In the last few years, the Federal Trade Commission (FTC) and, more recently, the Federal Communications Commission (FCC) have brought enforcement actions that resulted in significant settlement terms, and in the case of the FCC, a multi-million dollar fine against companies that violated their own privacy policies.
If a company makes materially misleading statements or omissions about privacy or data security that are likely to mislead reasonable consumers, such statements or omissions are deceptive. The FTC has used this authority, for example, to challenge false and misleading claims about how companies use and share consumer data; whether they track consumers’ movements online; whether they are honoring consumers’ opt-outs; and whether they are delivering on promises to secure consumers’ financial and health data.
In the last several years the FTC has brought several Section 5 (deceptive and/or unfair trade practice) actions for various reasons including making allegedly misleading statements in privacy policies. This includes actions against Snapchat, GMR Transcription Services, Credit Karma and TRENDnet. To resolve these FTC actions, the offending company typically must sign a consent order which requires it to:
- Establish comprehensive security programs designed to address security risks during the development of their products, programs or applications,
- Undergo independent security assessments every other year for the next 20 years, and
- Make no additional misrepresentations about the level of privacy or security of their products and services.
Then, for the next 20 years, the company risks a contempt of court finding, or worse, if it fails to strictly comply with the terms of the consent order.
In their privacy policies, the two companies stated that they had in place ‘technology and security features to safeguard the privacy of your customer specific information from unauthorized access or improper use.’ Yet, from September 2012 through April 2013, the sensitive documents they collected from consumers were apparently stored in a format accessible via the Internet and readable by anyone.
Complaints about the readability of privacy policies are not new. In its December 2010 Preliminary Staff Report, “Protecting Consumer Privacy in an Era of Rapid Change,” the FTC found that most corporate privacy policies are “incomprehensible,” and that “consumers typically do not read, let alone understand” these privacy statements. The FTC noted that, in general, “privacy policies do a poor job of informing consumers about companies’ data practices or disclosing changes to their practices.” Even companies that have thorough privacy disclosures were criticized by the FTC as having policies that are “opaque” and “too long and too difficult to navigate.” The FTC issued the final version of that report in March 2012, and included a series of recommendations for businesses and policymakers.

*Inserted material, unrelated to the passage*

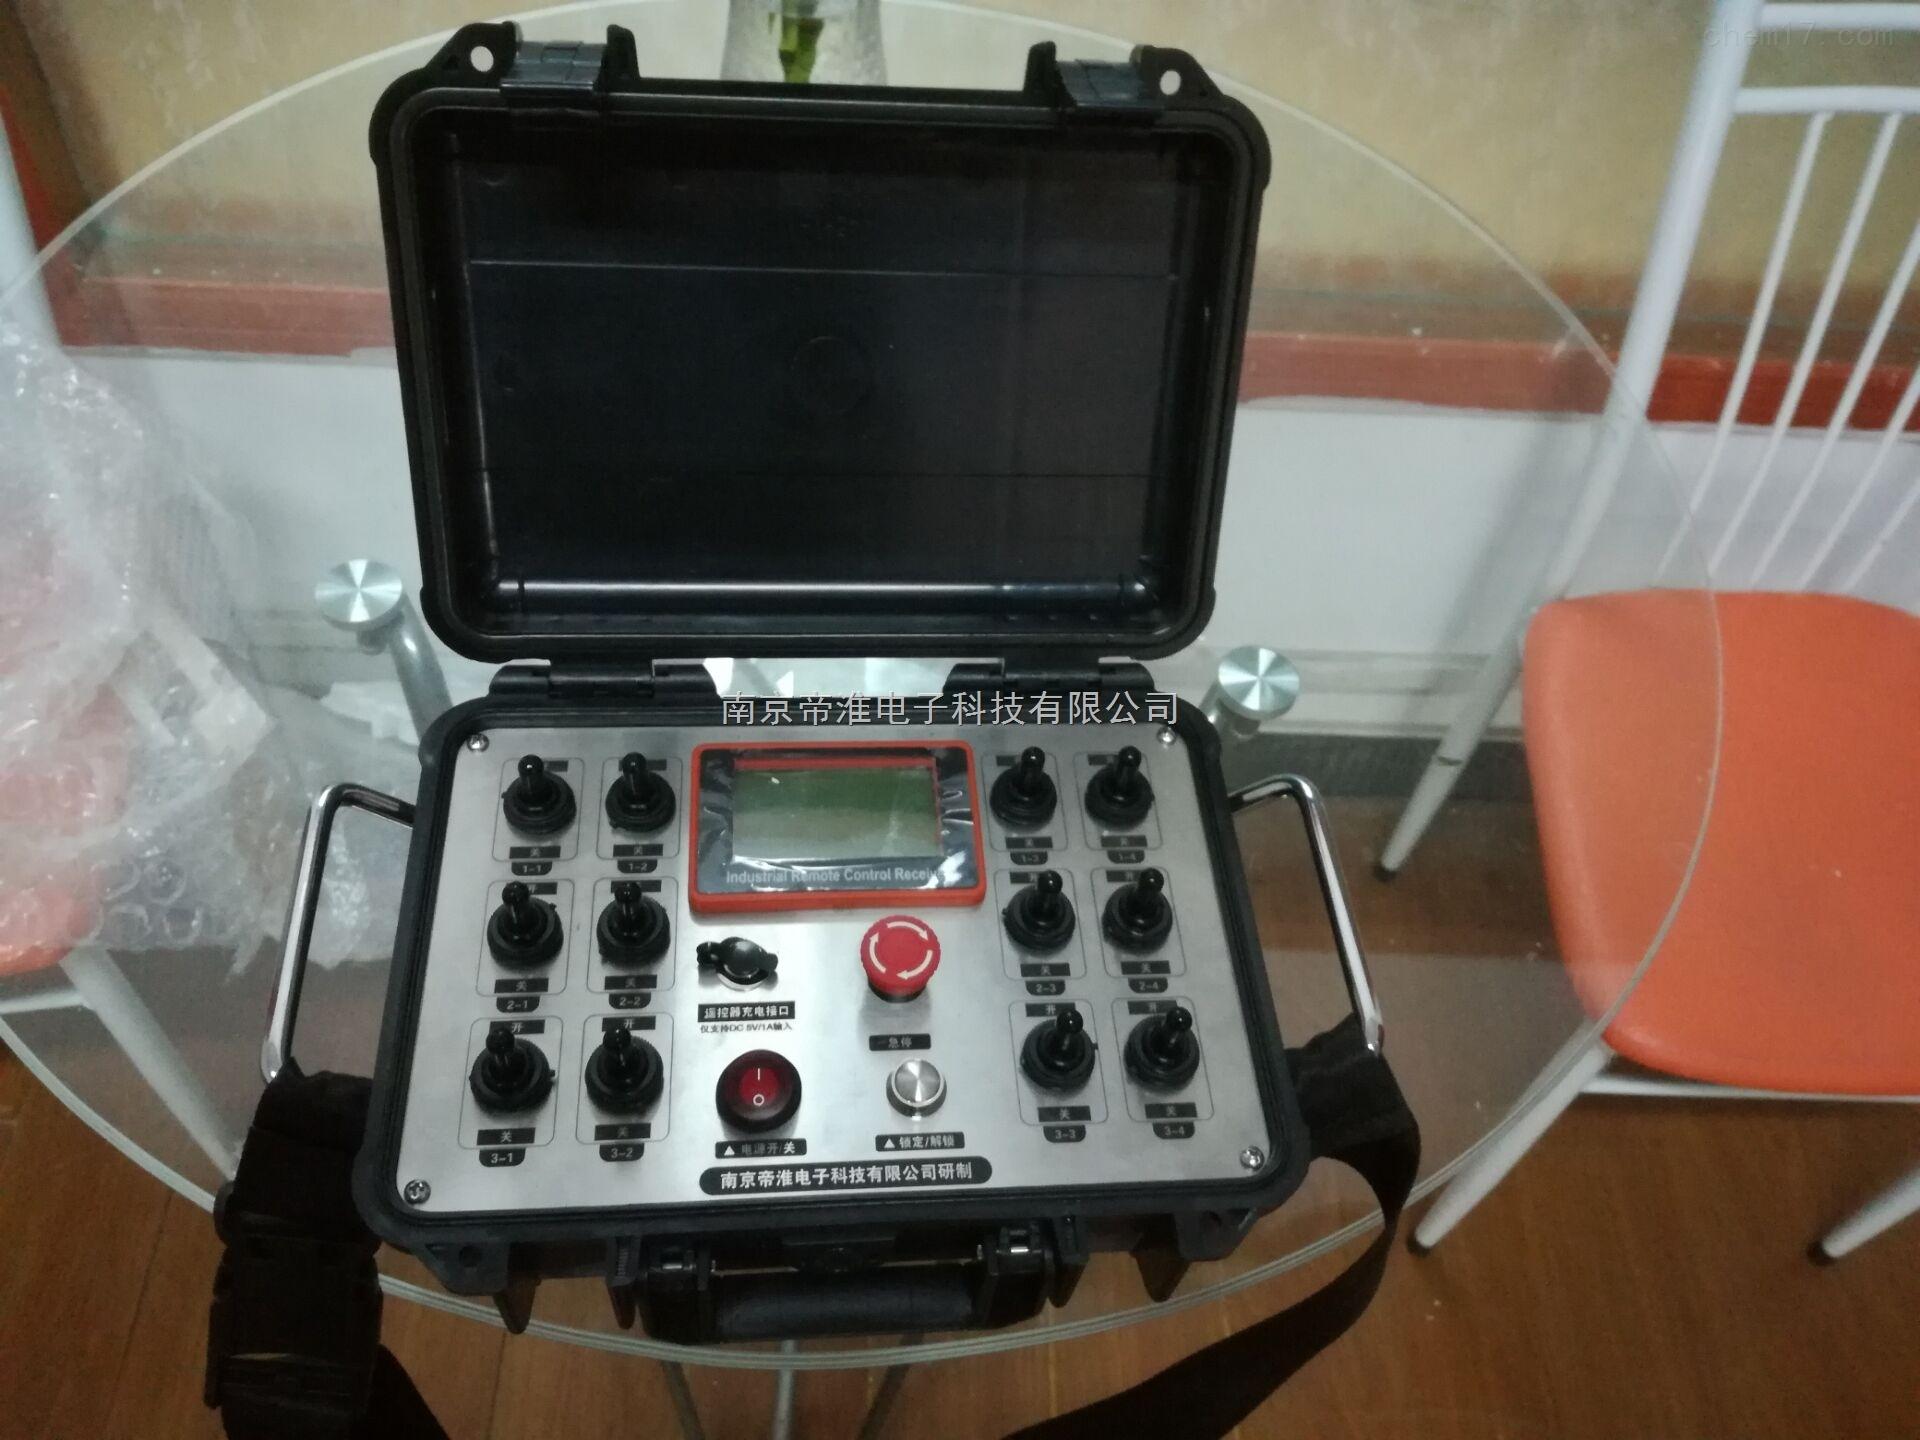 每个按钮对应1个控制回路输出控制,如18路天车无线遥控器,需要布局18

A recently-published whitepaper,”Privacy Policies: How to Communicate Effectively with Consumers” addressed the reading comprehension level needed to understand the privacy policies of Fortune 500 corporations. The average U.S. adult reads at an 8th grade reading level. The clear majority of Fortune 500 privacy policies in the study require a reading comprehension level beyond that of the average U.S. adult. Remarkably, 82% of those privacy policies required a college-level reading ability.
In terms of length, the whitepaper noted another rather remarkable disconnect:
This is particularly true on mobile devices with their smaller screens and fonts. The California Attorney General’s office has suggestions for improving the readability of privacy policies in a May 2014 pamphlet, “Making Your Privacy Practices Public”.
What Are The Take-Aways?
- It should be written in clear and concise language that average consumers will understand.
- It should be regularly reviewed to make sure it complies with statutory and other requirements.